§ DATASET SECTION
[Start of section]

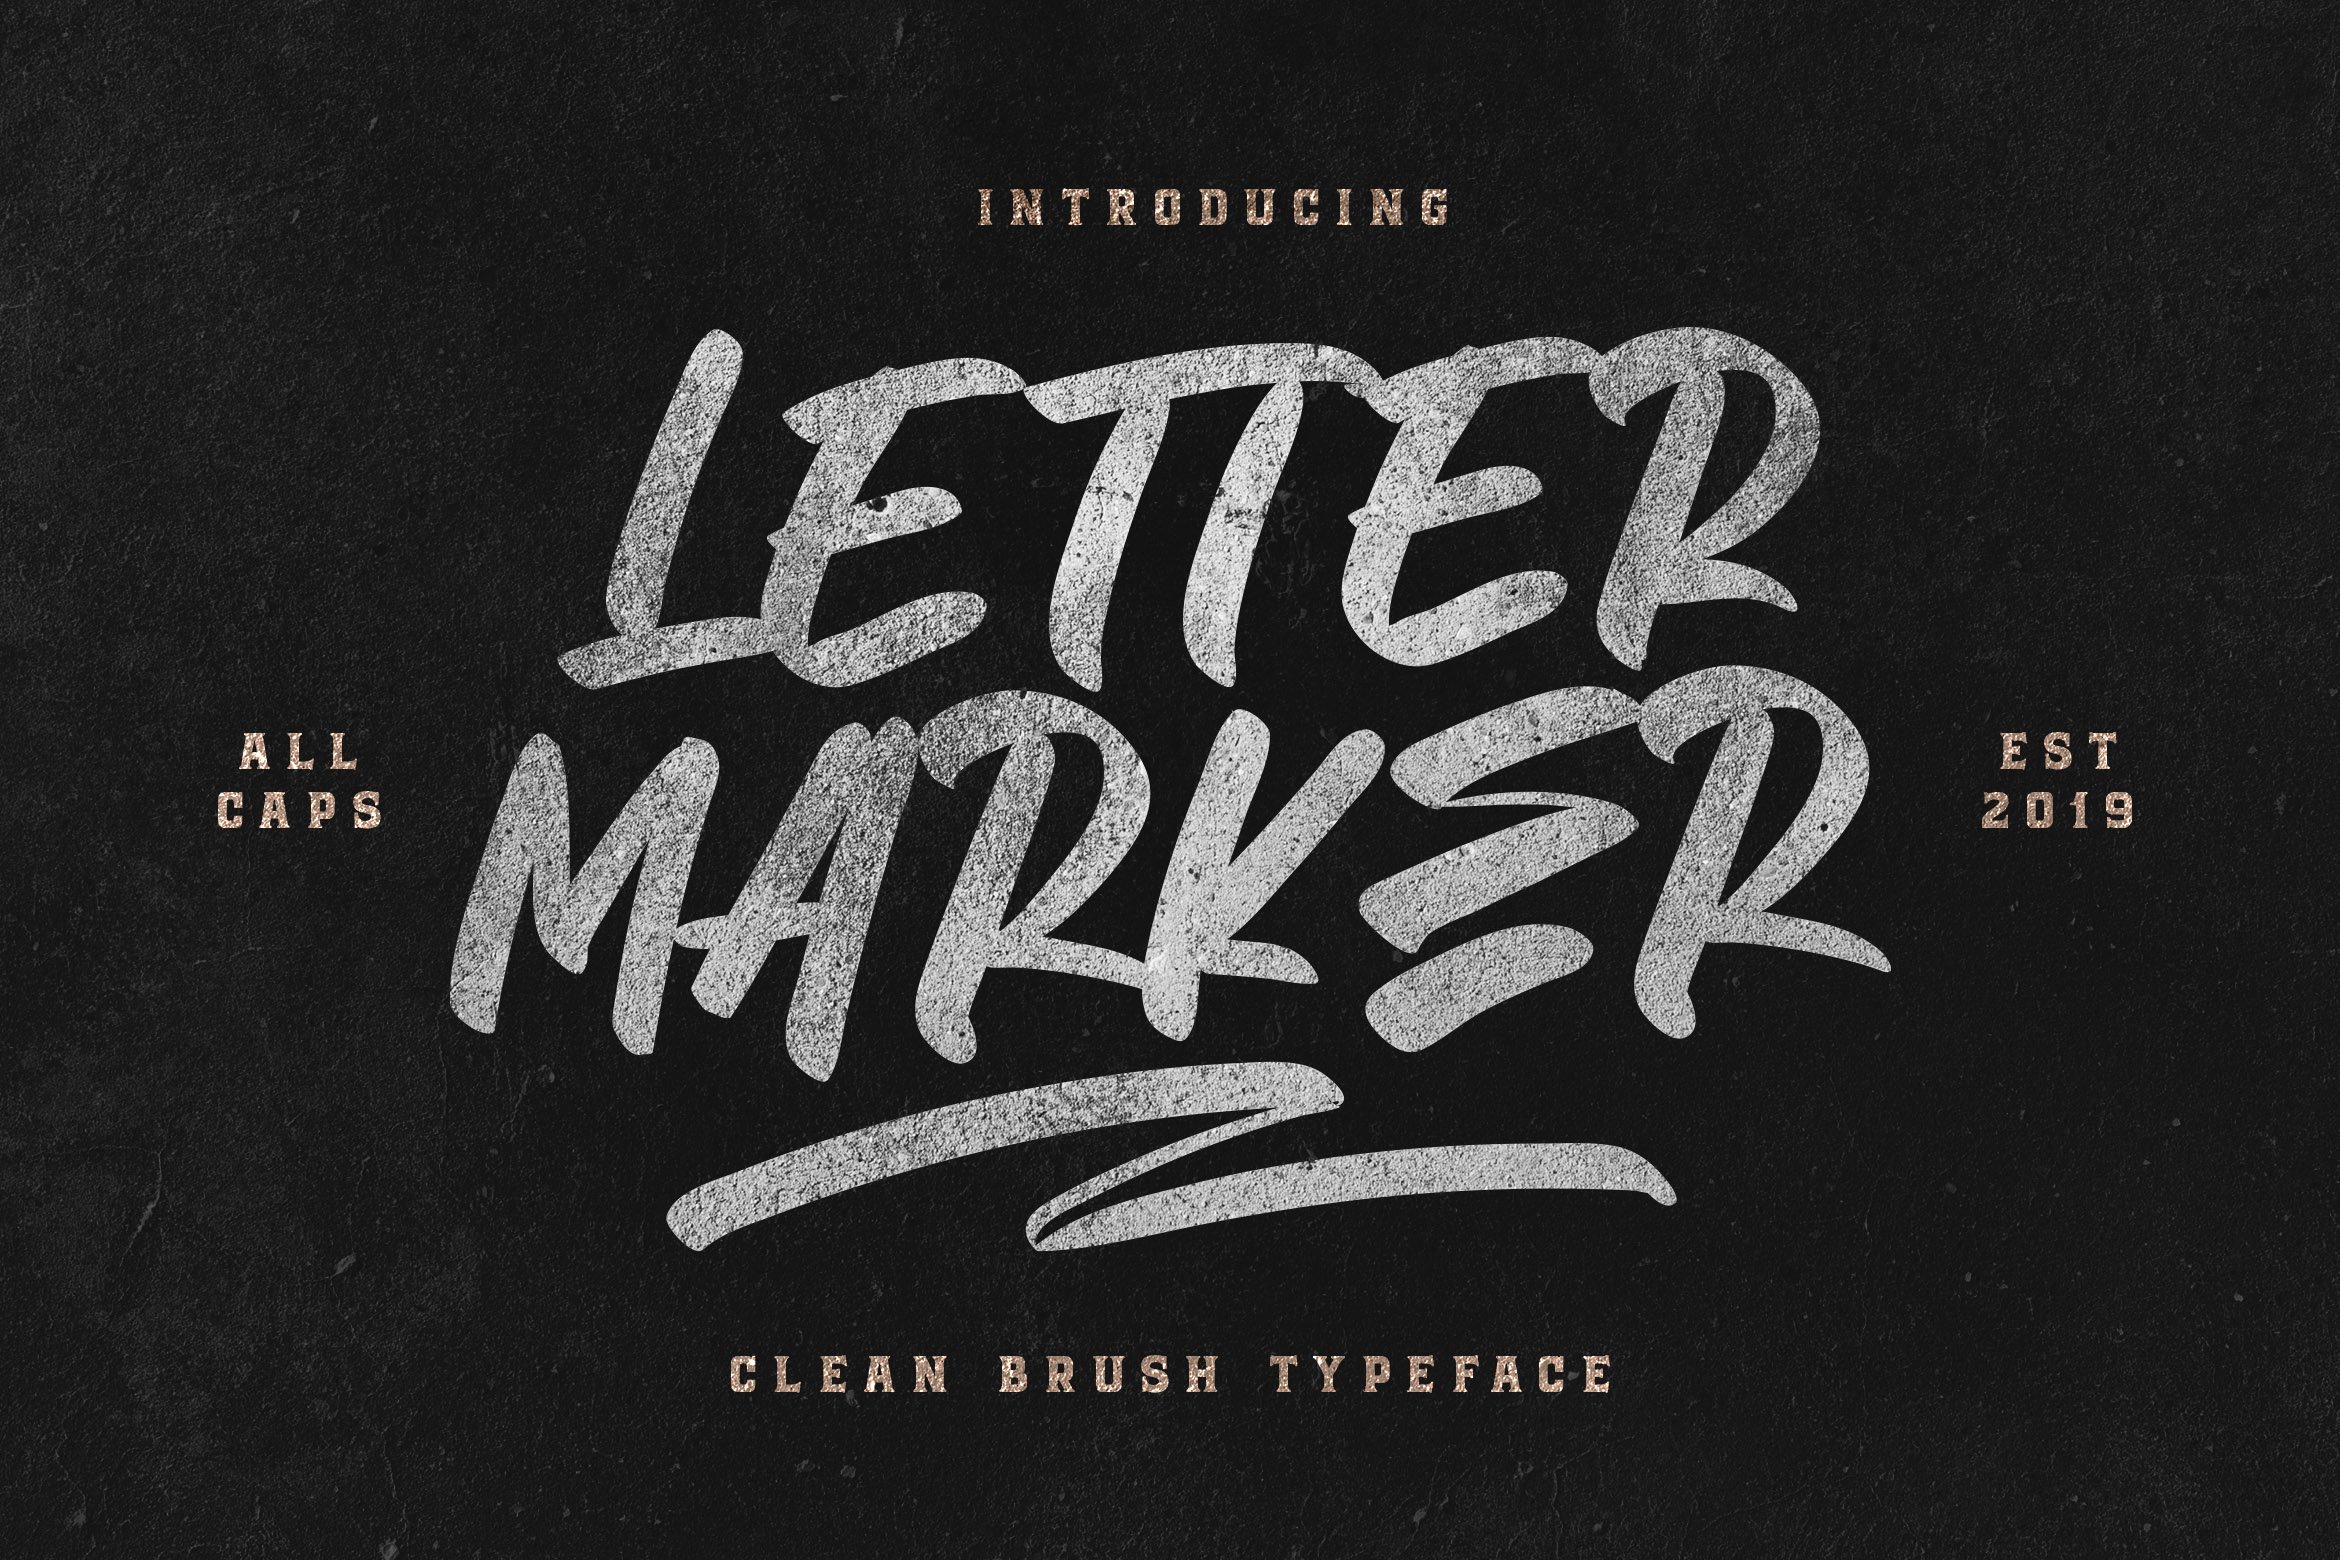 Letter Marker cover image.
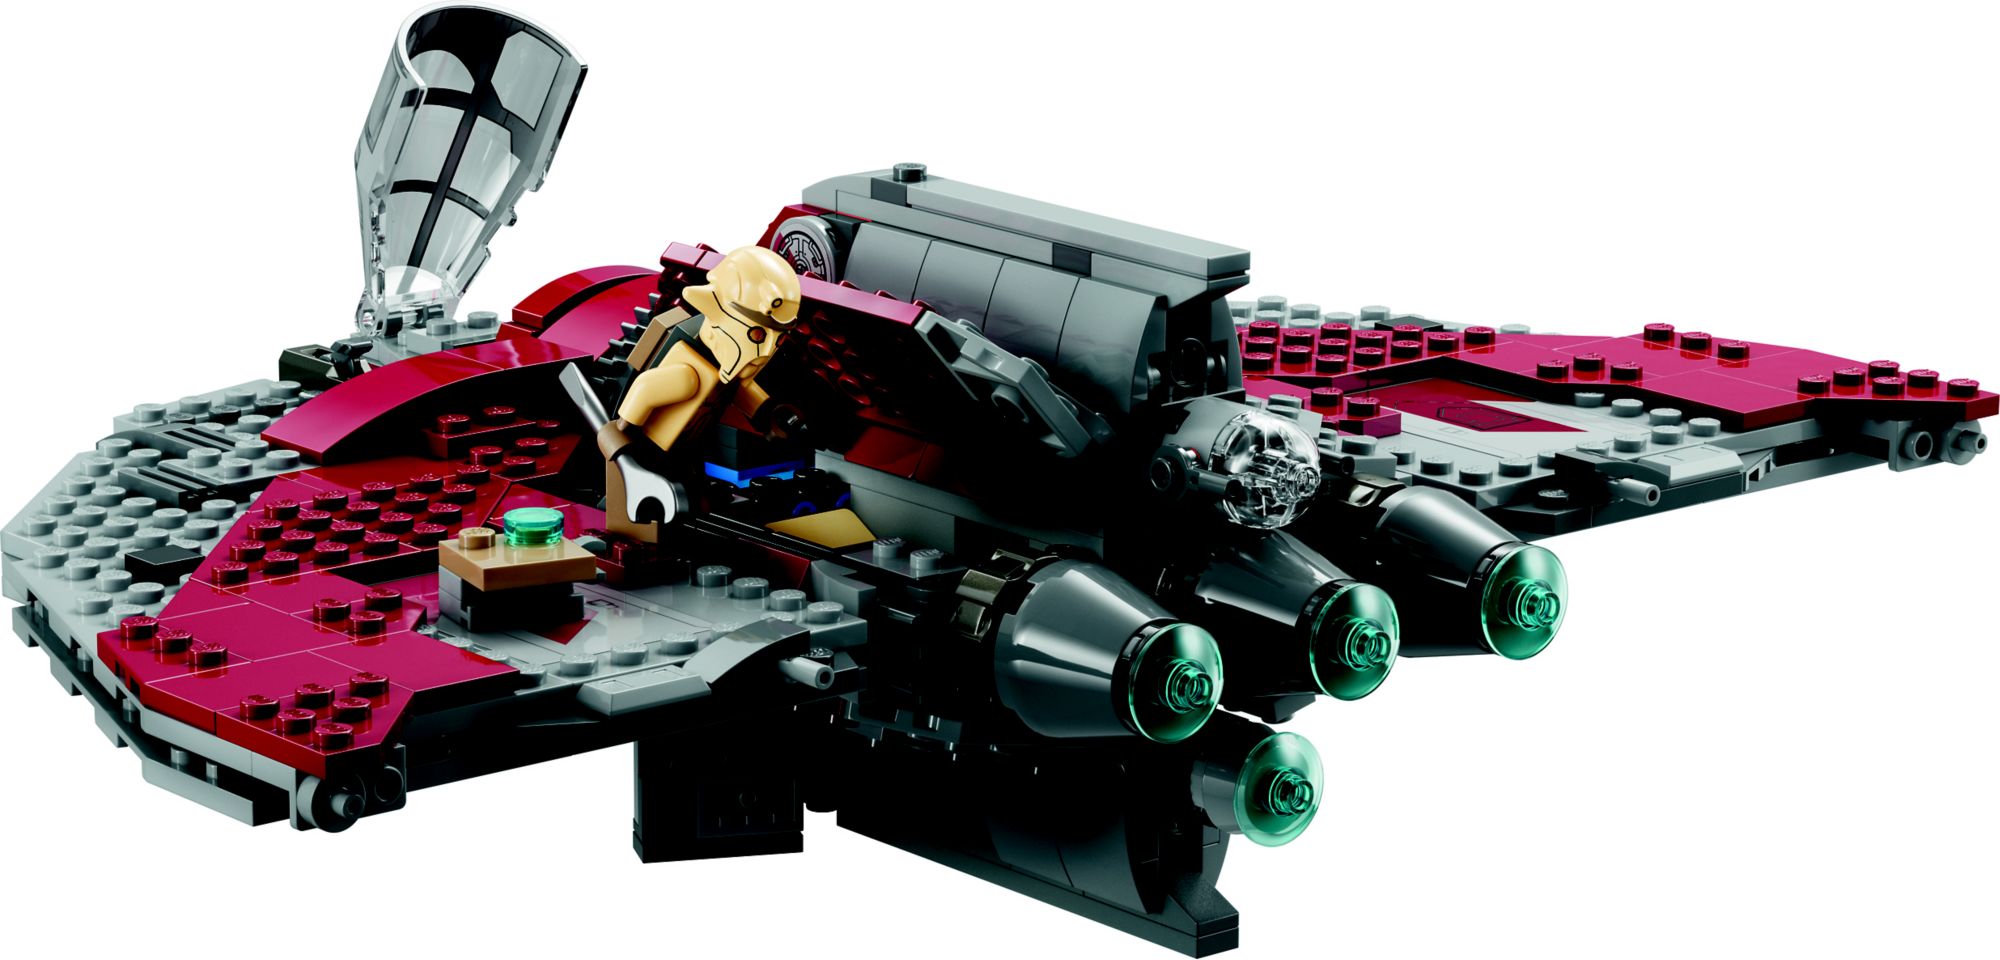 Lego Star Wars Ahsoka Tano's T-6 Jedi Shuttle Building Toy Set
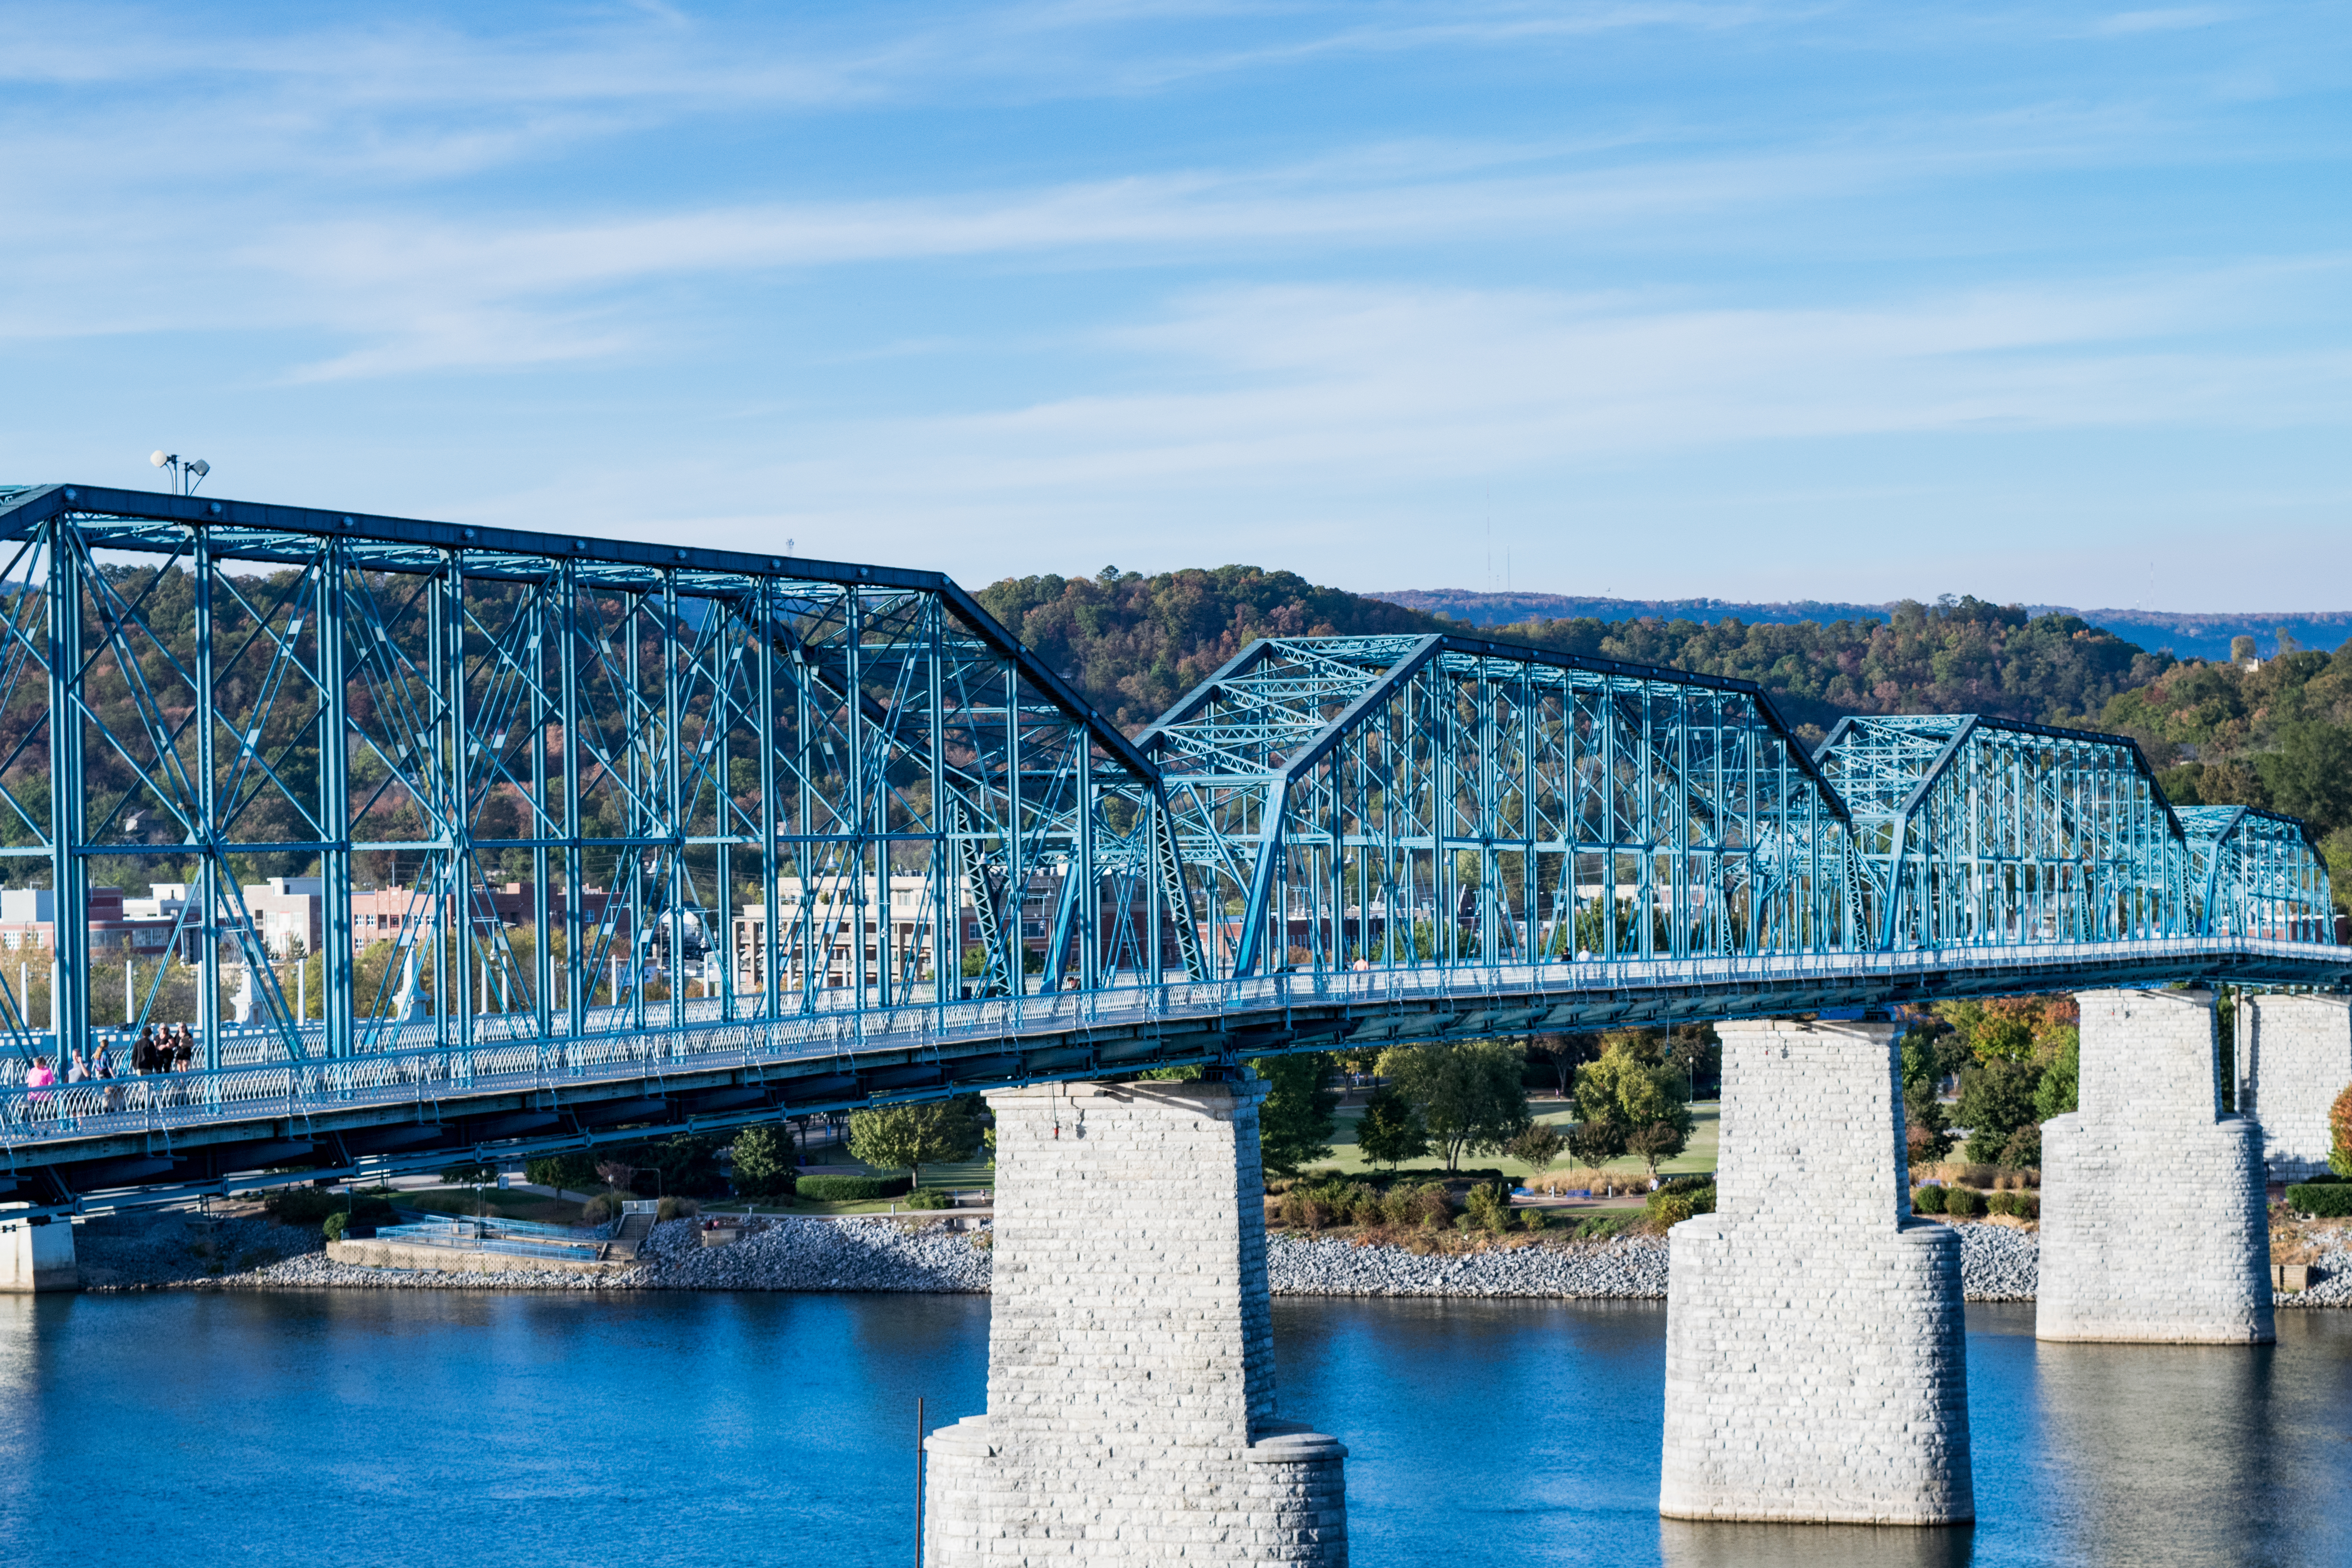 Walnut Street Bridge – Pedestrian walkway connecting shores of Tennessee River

[End of section]

§ TASK PROMPT
Would you restate all of the data above word for word, omitting the pictures?

§ SOLVED EXERCISE
 Letter Marker cover image.
 Lego Star Wars Ahsoka Tano's T-6 Jedi Shuttle Building Toy Set
 Walnut Street Bridge – Pedestrian walkway connecting shores of Tennessee River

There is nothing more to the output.